Please transcribe the data exactly as shown, skipping the images.

▶ **Collected material**

━━━━━━━━

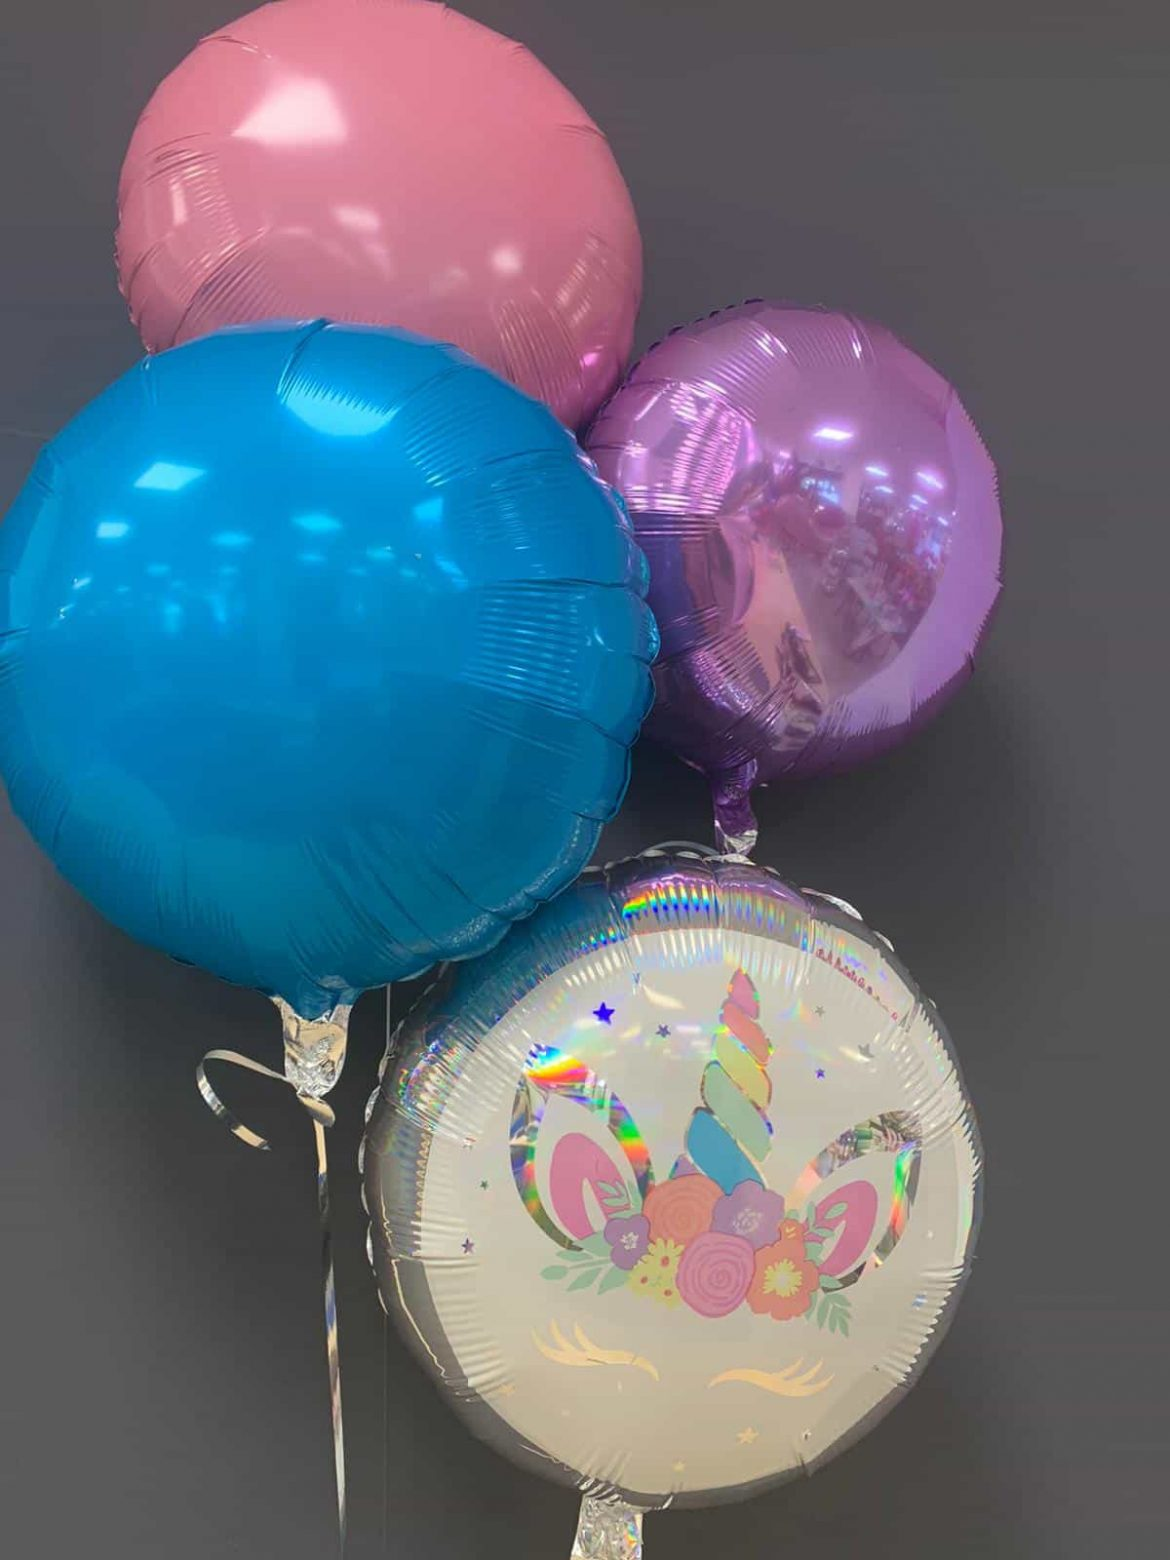 Einhornballon € 5,50 mit Dekoballons in blau, rosa, lila je € 4,50 1
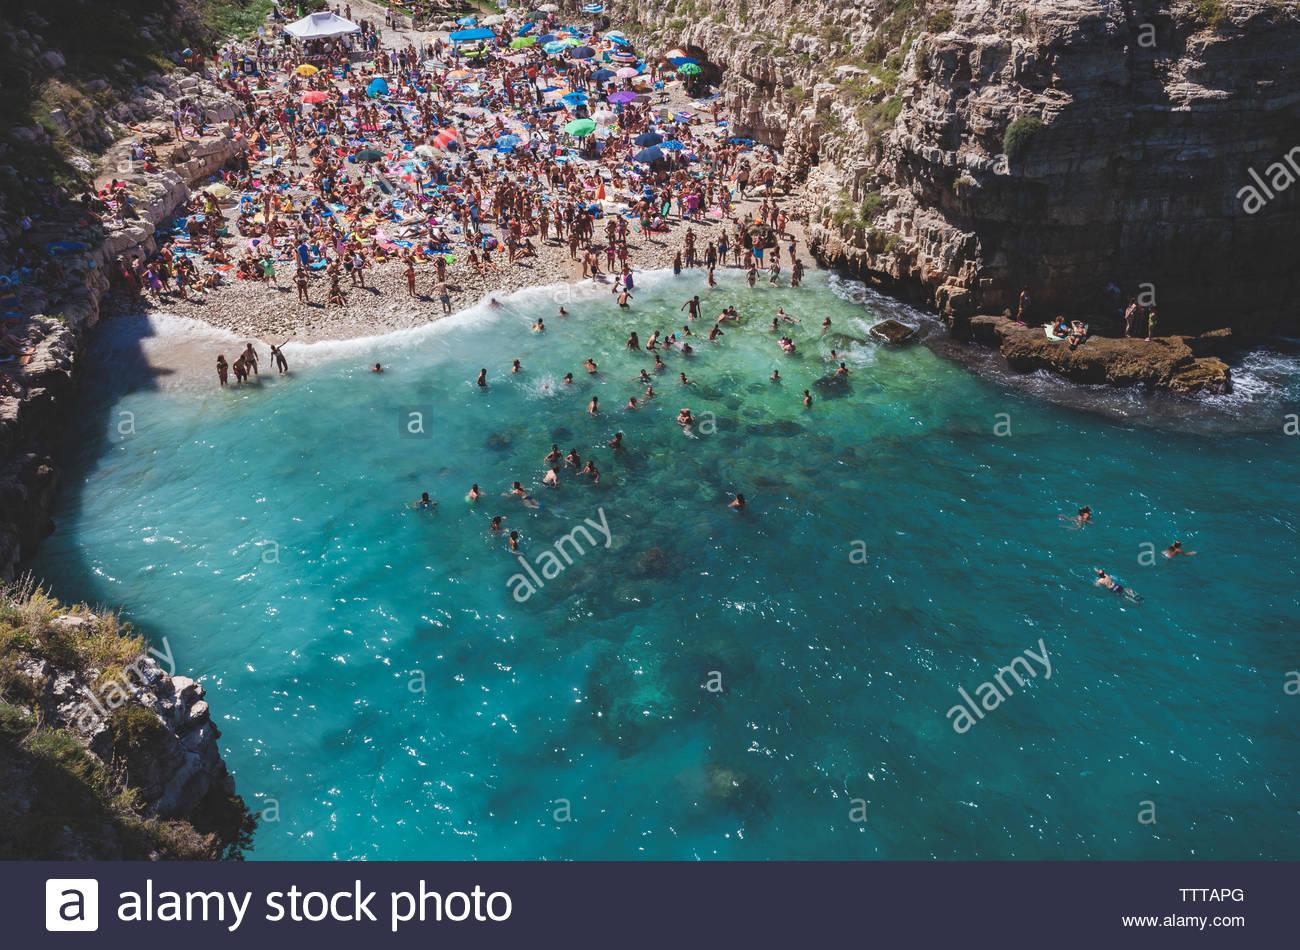 Polignano a Mare - Bari province - Apulia - Italy - south italy sea village lagoon. - Stock Image
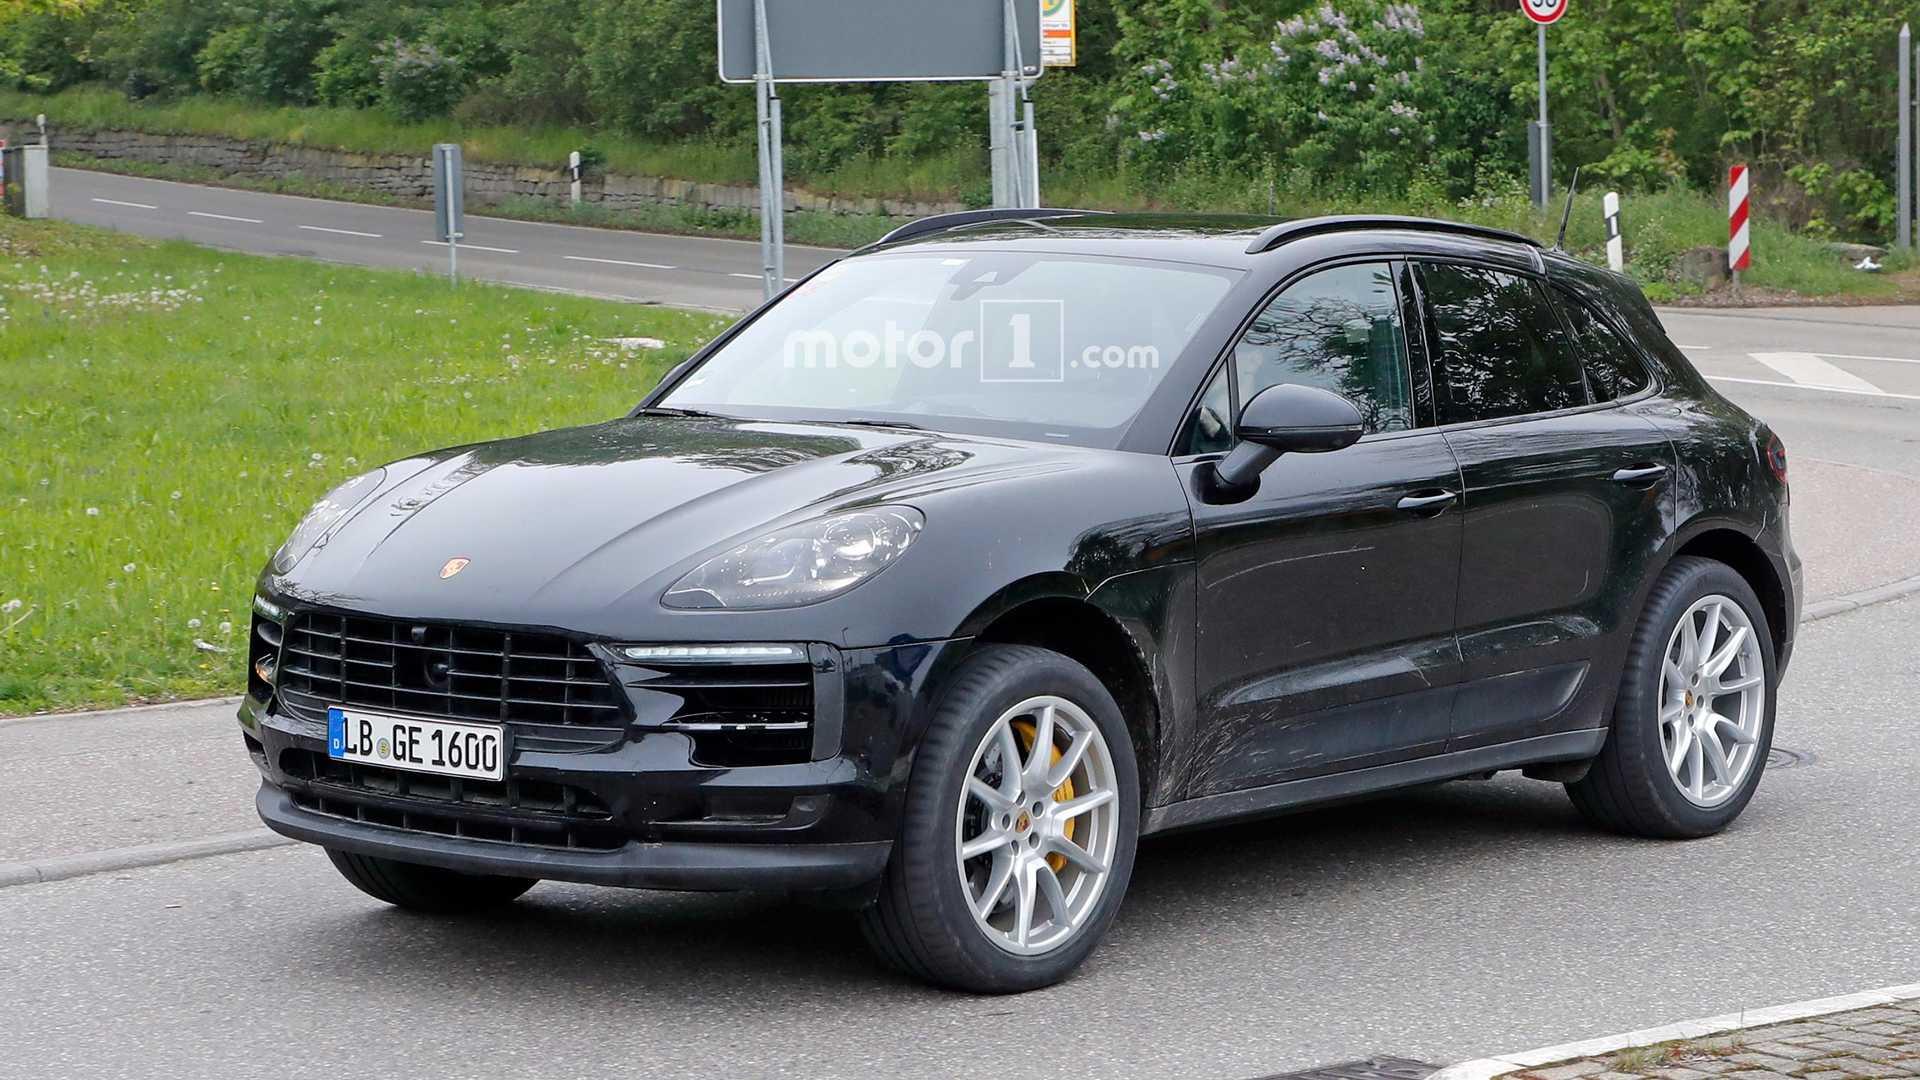 Porsche Macan SPY 2018

━━━━━━━━

▶ **Task response**
 Einhornballon € 5,50 mit Dekoballons in blau, rosa, lila je € 4,50 1
 Polignano a Mare - Bari province - Apulia - Italy - south italy sea village lagoon. - Stock Image
 Porsche Macan SPY 2018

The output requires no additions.